## EXERCISE DESCRIPTION:
The expected output is an exact copy of each line from the line with "Manakoa Gym Helps Keiki Suceed" through the end of the data below, with no pictures in it.

## SOURCE MATERIAL:
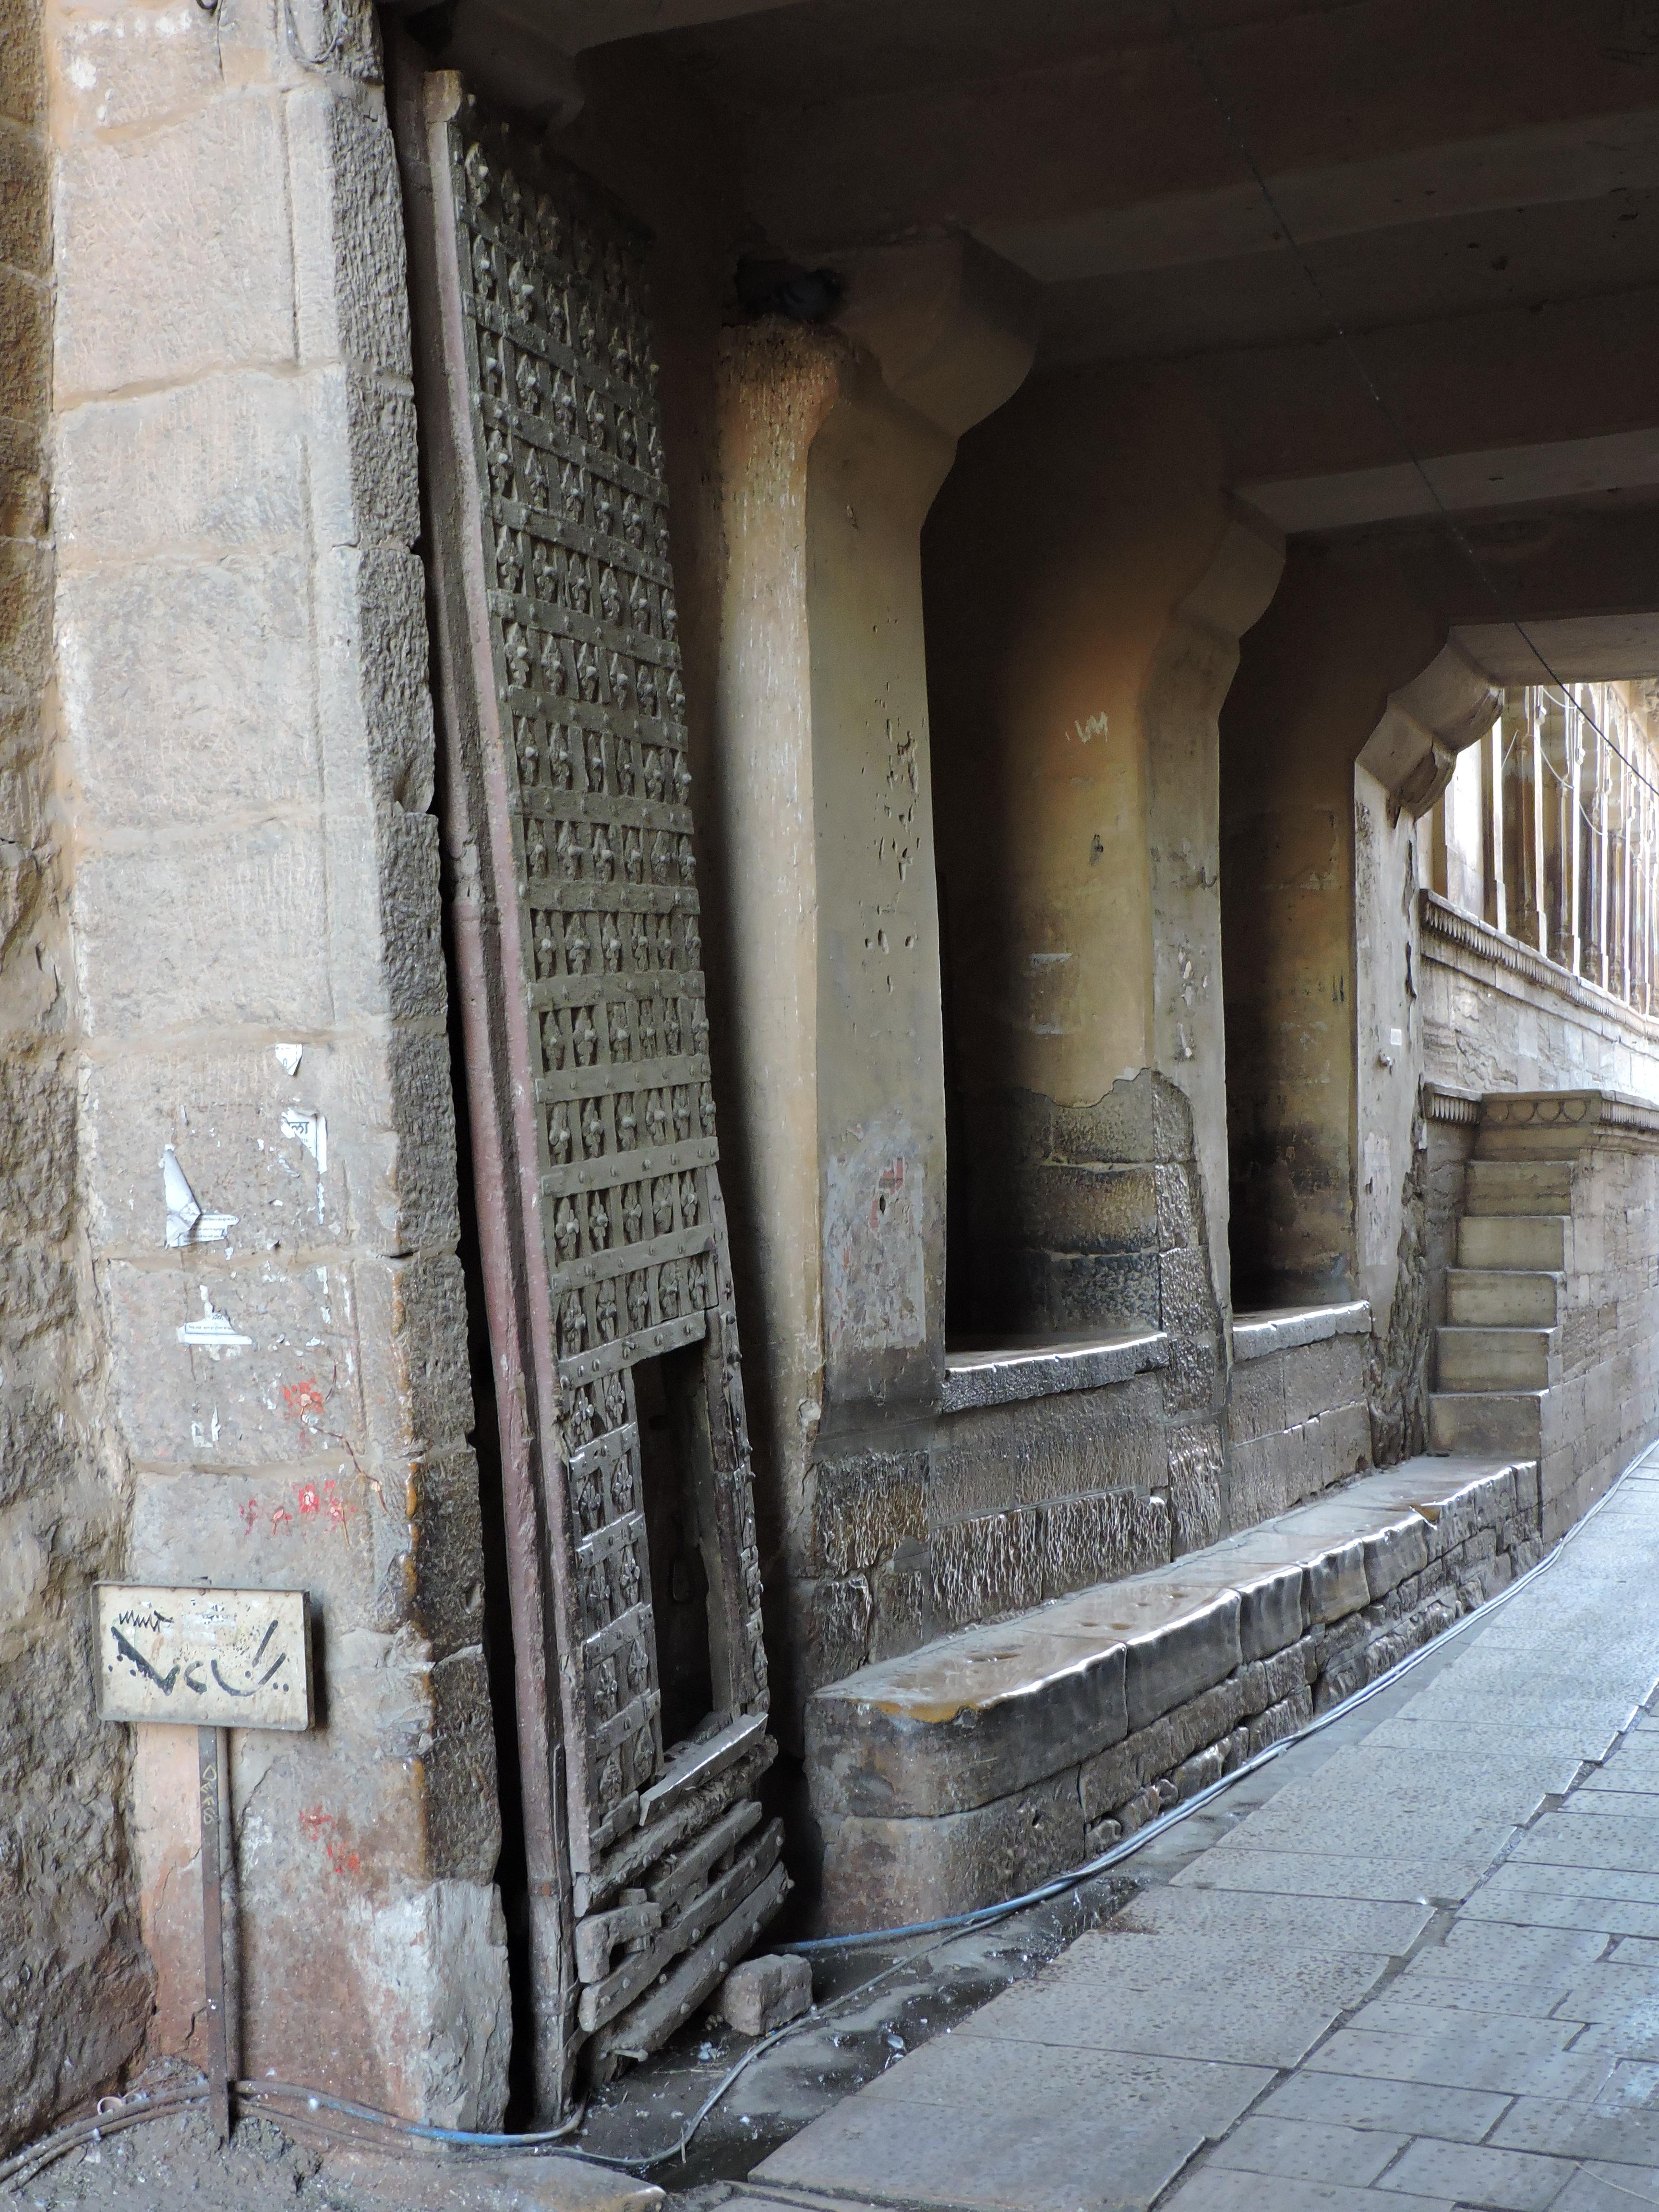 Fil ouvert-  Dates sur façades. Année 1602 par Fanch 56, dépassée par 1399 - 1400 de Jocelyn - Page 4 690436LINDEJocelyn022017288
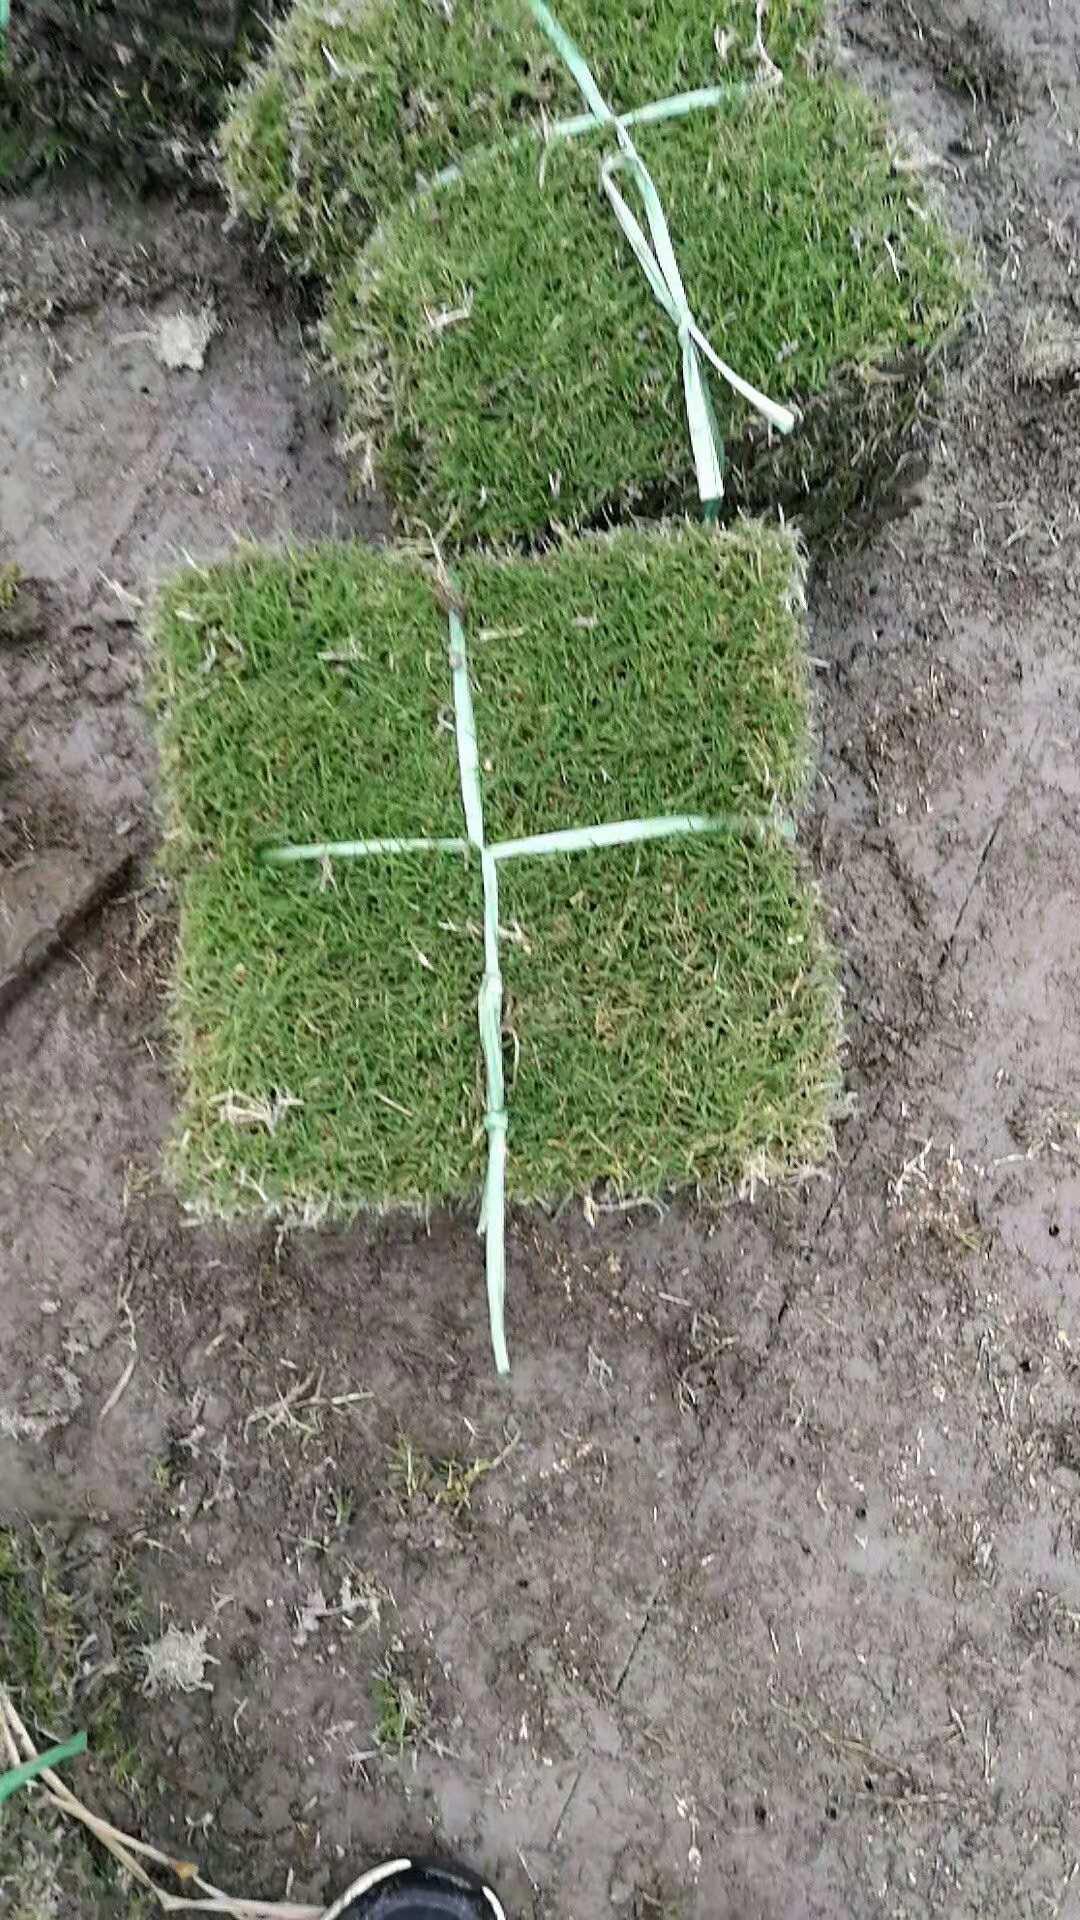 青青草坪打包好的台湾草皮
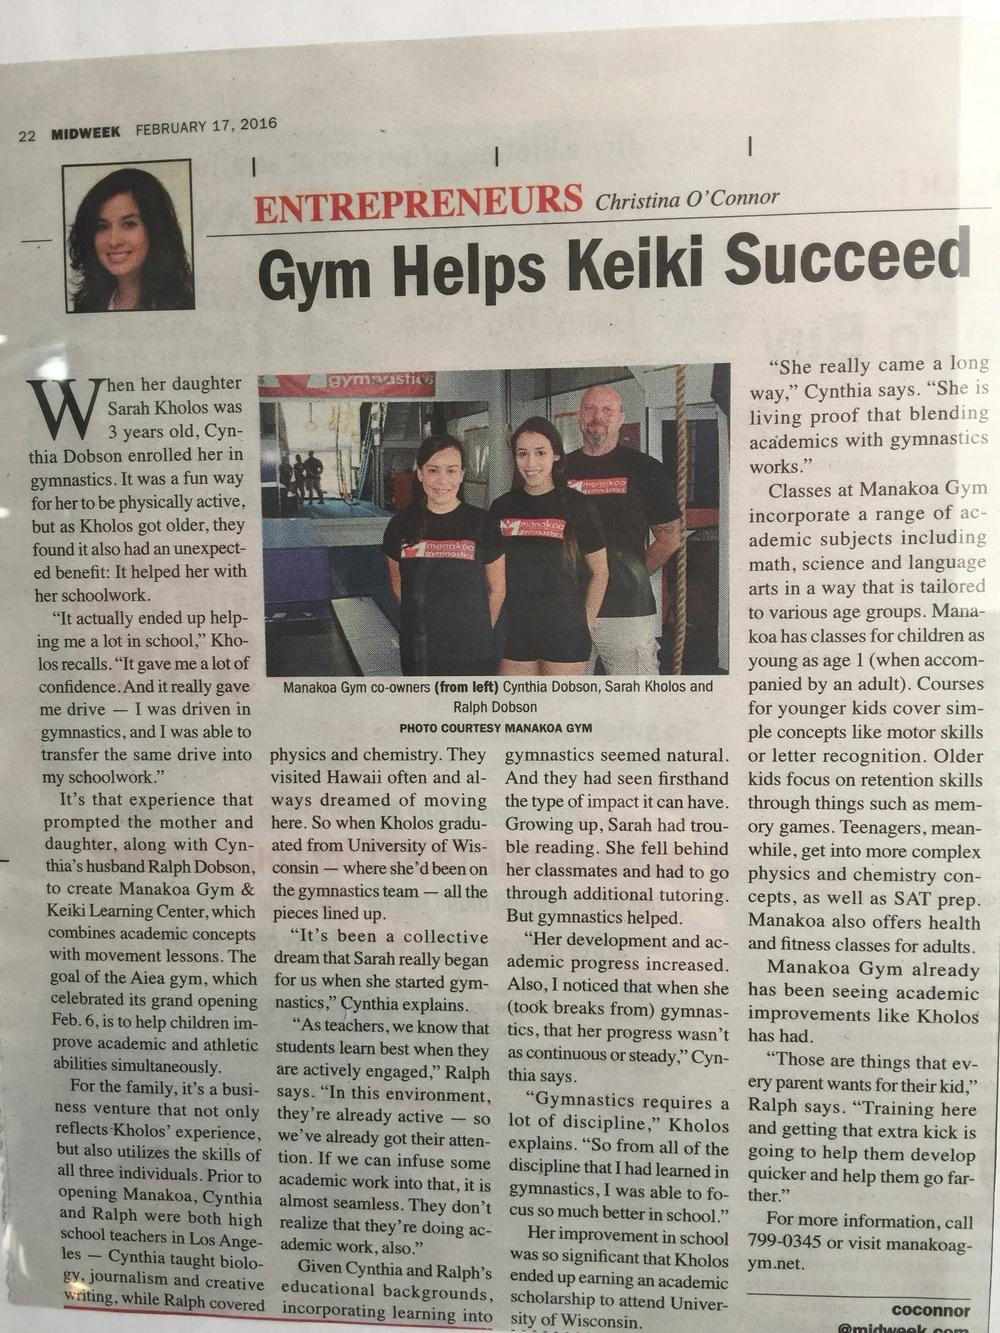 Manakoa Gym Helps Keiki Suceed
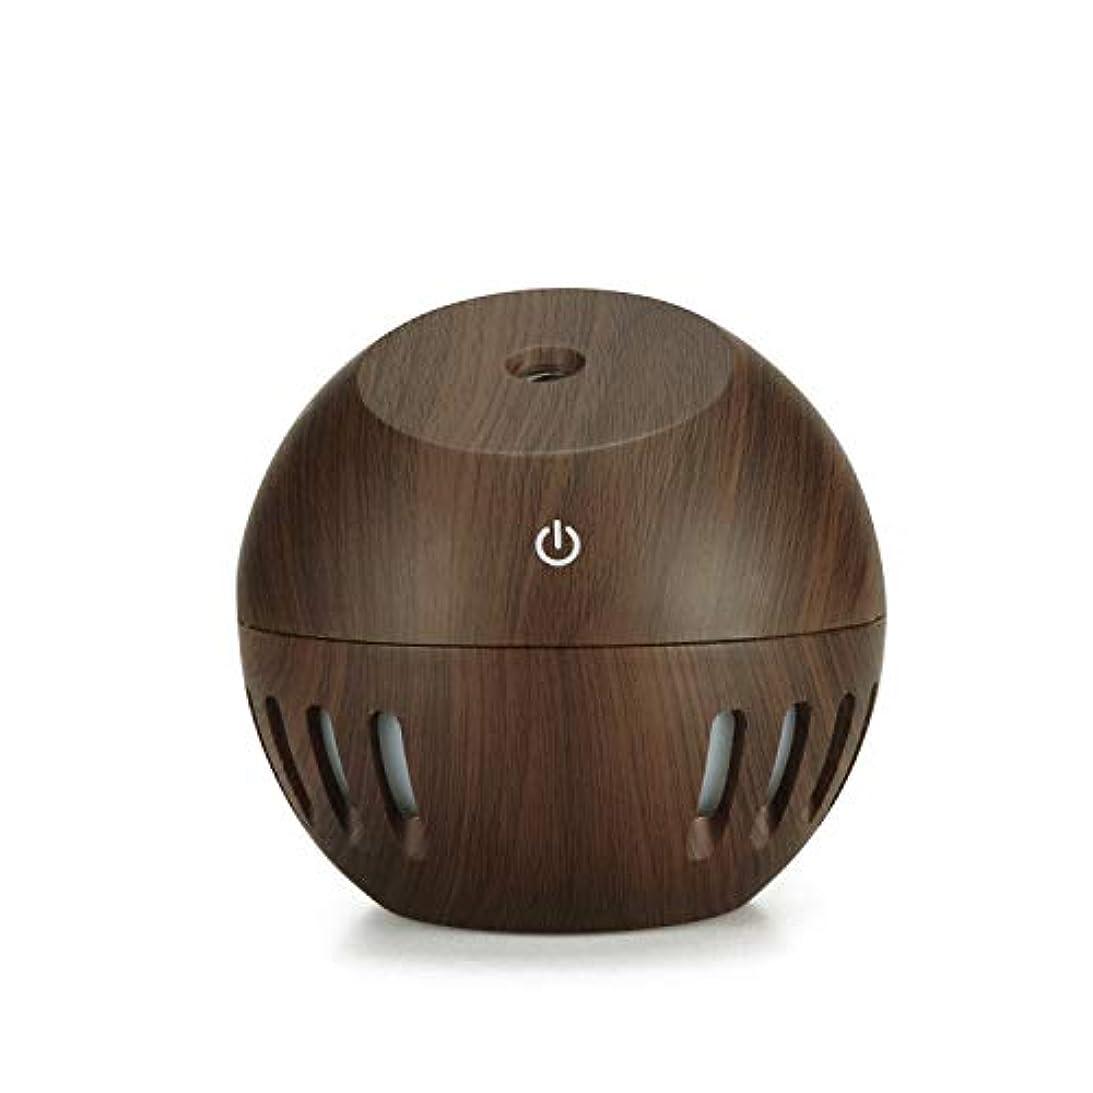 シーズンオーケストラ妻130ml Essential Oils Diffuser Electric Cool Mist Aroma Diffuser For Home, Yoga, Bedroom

## OUTPUT BELOW:
 Manakoa Gym Helps Keiki Suceed
 シーズンオーケストラ妻130ml Essential Oils Diffuser Electric Cool Mist Aroma Diffuser For Home, Yoga, Bedroom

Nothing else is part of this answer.